Выбрать главу

К счастью, новорожденная цитра, висевшая на плече немедийца, на этот раз уцелела. Кроме нее, кинжала и меча на бедре Конана, у них ничего не осталось.

Обсохнув и отдышавшись, разом обнищавшие путники устроили недолгий совет. Нужно было выбирать одно из двух; либо пробираться вдоль каменной толщи на запад, сквозь тесно обнявшиеся, переплетенные лианами деревья, колючие кусты и осыпи валунов — в надежде когда-нибудь ее обогнуть и вернуться к прежнему направлению; либо — продолжать двигаться на юг, то есть карабкаться по почти отвесной стене, где опорой для рук и ног будут лишь узкие карнизы и трещины, да пучки сероватых кустов.

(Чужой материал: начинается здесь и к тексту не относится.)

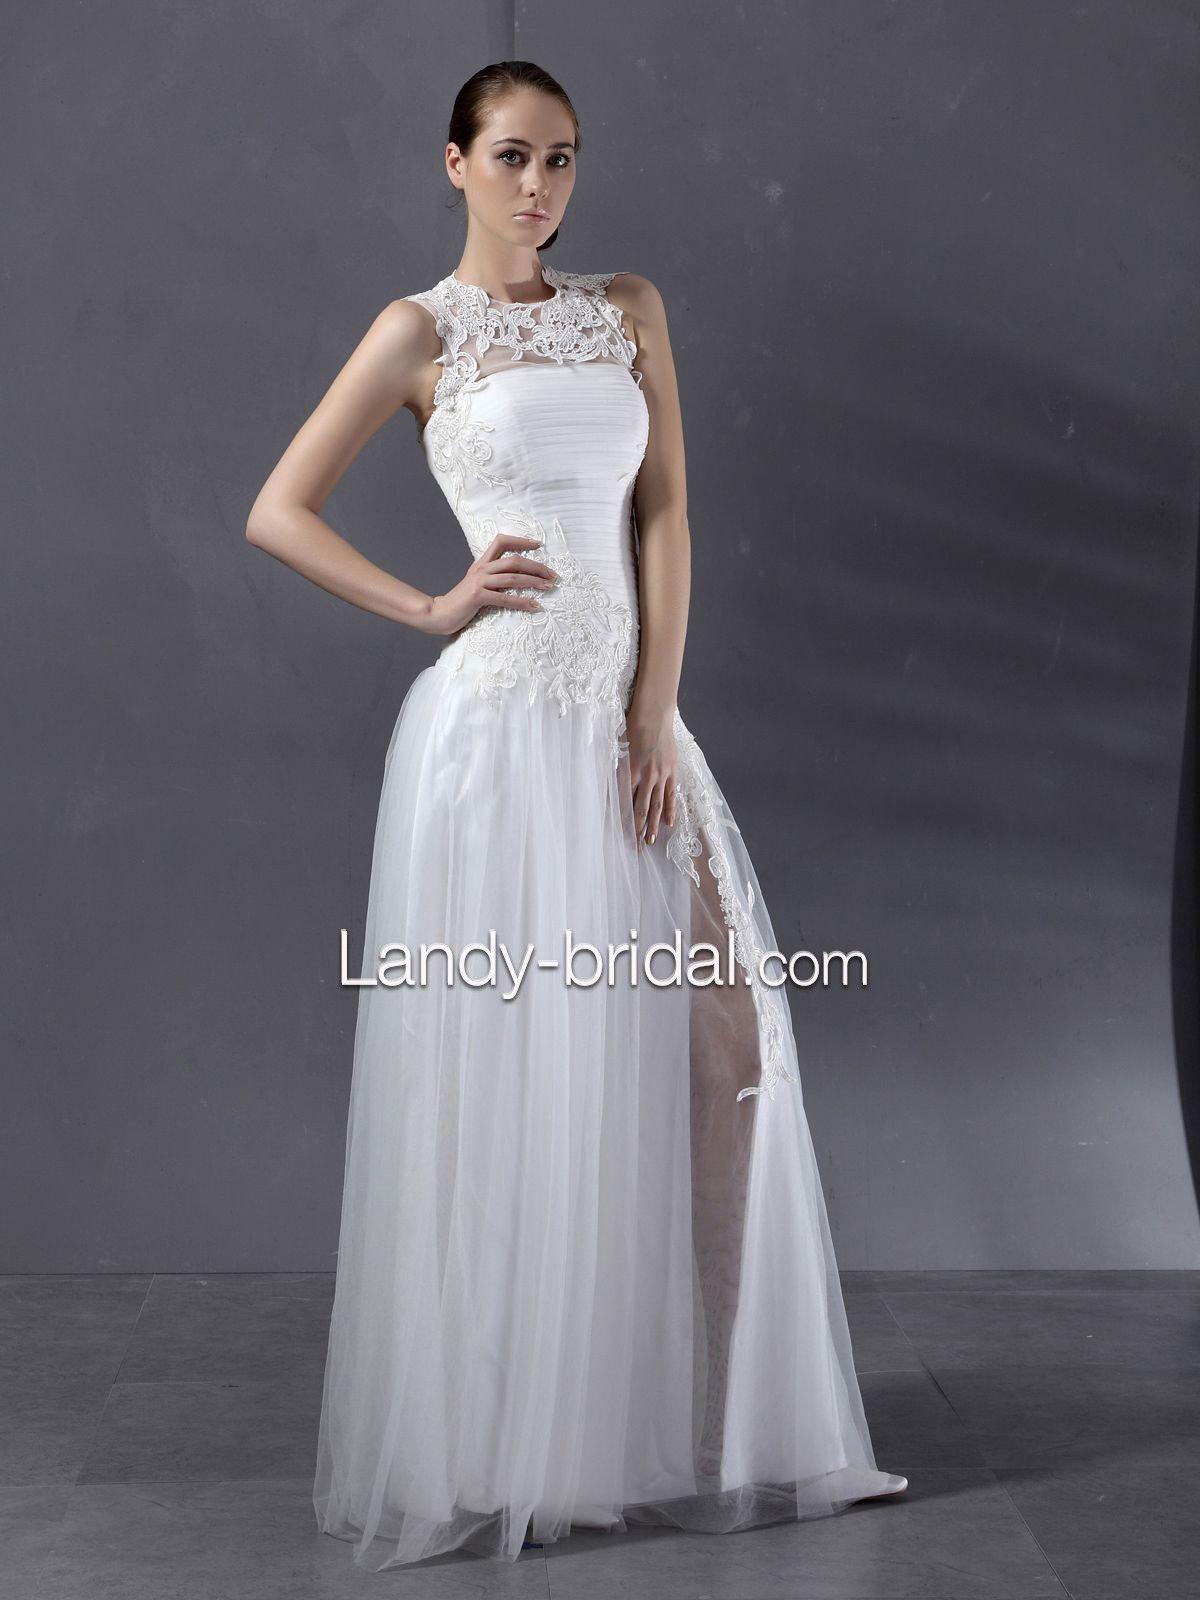 55+ Tank top Style Wedding Dress - Women\'s Dresses for Wedding Guest ...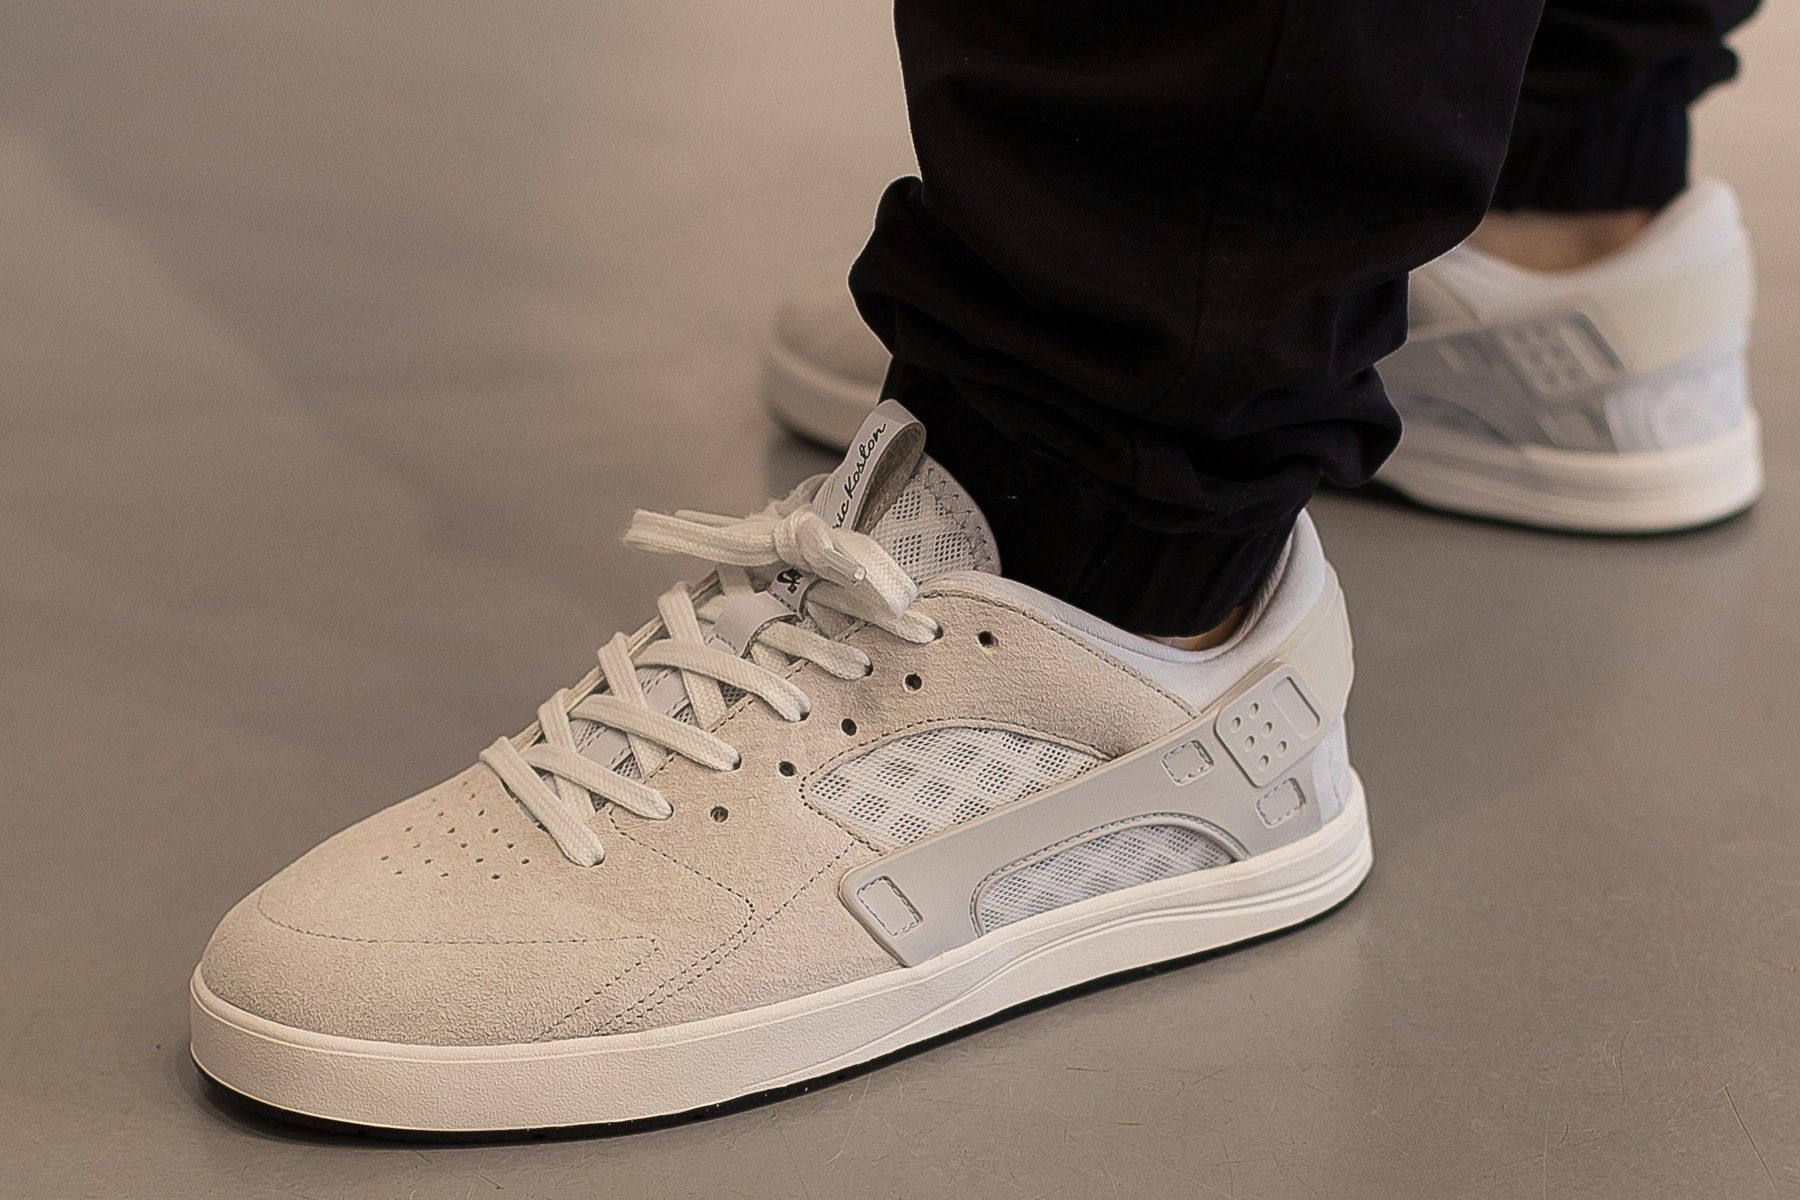 Scoprire più nuovo di vendita caldo ultima collezione Nike SB Eric Koston Huarache (Weiß / Platinum / Schwarz) | Nike sb ...

Под давлением киммерийца спутники выбрали второй путь. Была надежда, что, пройдя поверху, они отыщут свою реку, которая должна же когда-нибудь выйти на поверхность, К тому же, если и есть в этих краях развалины древних городов с подвалами, набитыми сокровищами, со скелетами, сжимающими в рассыпавшихся пальцах драгоценные рукояти клинков, то на огромном плато, с которого видны все окрестности на несколько дней пути, самое место такому городу.

Восхождение заняло полдня и оказалось довольно трудным. Мучительнее всего была жажда. Воду они не взяли, чтобы не отягощать плечи лишним грузом, но уже через короткое время после начала подъема проклинали себя за беспечность. От жажды кружилась голова и мутнело в глазах, а если стоять при этом на узком каменном выступе с пропастью за спиной… то лишь милостью светлых богов можно объяснить, отчего они не сорвались вниз, дробя черепа и кости о поросший лишайником гранит.

Не раз Шумри казалось, что он больше не выдержит. Когда он с трудом добрался до маленькой площадки, где можно было перевести дух, отлепив потную грудь от шершавого камня, и поднял голову вверх, стон отчаянья вырвался из его пересохших губ. Выше стена была совсем гладкой, почти без трещин и выступов… Неожиданно что-то белое пронеслось возле его лица, обдав прохладным ветром. Птица — та самая, что приплывала к нему ночью и оставила перья, либо очень похожая на нее — села на скалу в двух локтях от его измученного тела. Немедиец обрадовался ей, словно доброй знакомой или радостной вестнице. Ее черные круглые глаза смотрели на него с осмысленным, почти человеческим выражением. «Приободрись! — словно хотела сказать ему птица. — Осталось немного!» Шумри оглянулся на Конана, чтобы тот тоже взглянул на светлую вестницу, но киммериец уже был локтях в десяти выше него, взбираясь медленно, но безостановочно и упорно. От его распластанной вертикально фигуры, загорелой до цвета темной бронзы, с отросшей ниже лопаток гривой черных волос, исходила спокойная сила. С благодарностью взглянув на птицу и улыбнувшись ей, Шумри снова пополз вверх…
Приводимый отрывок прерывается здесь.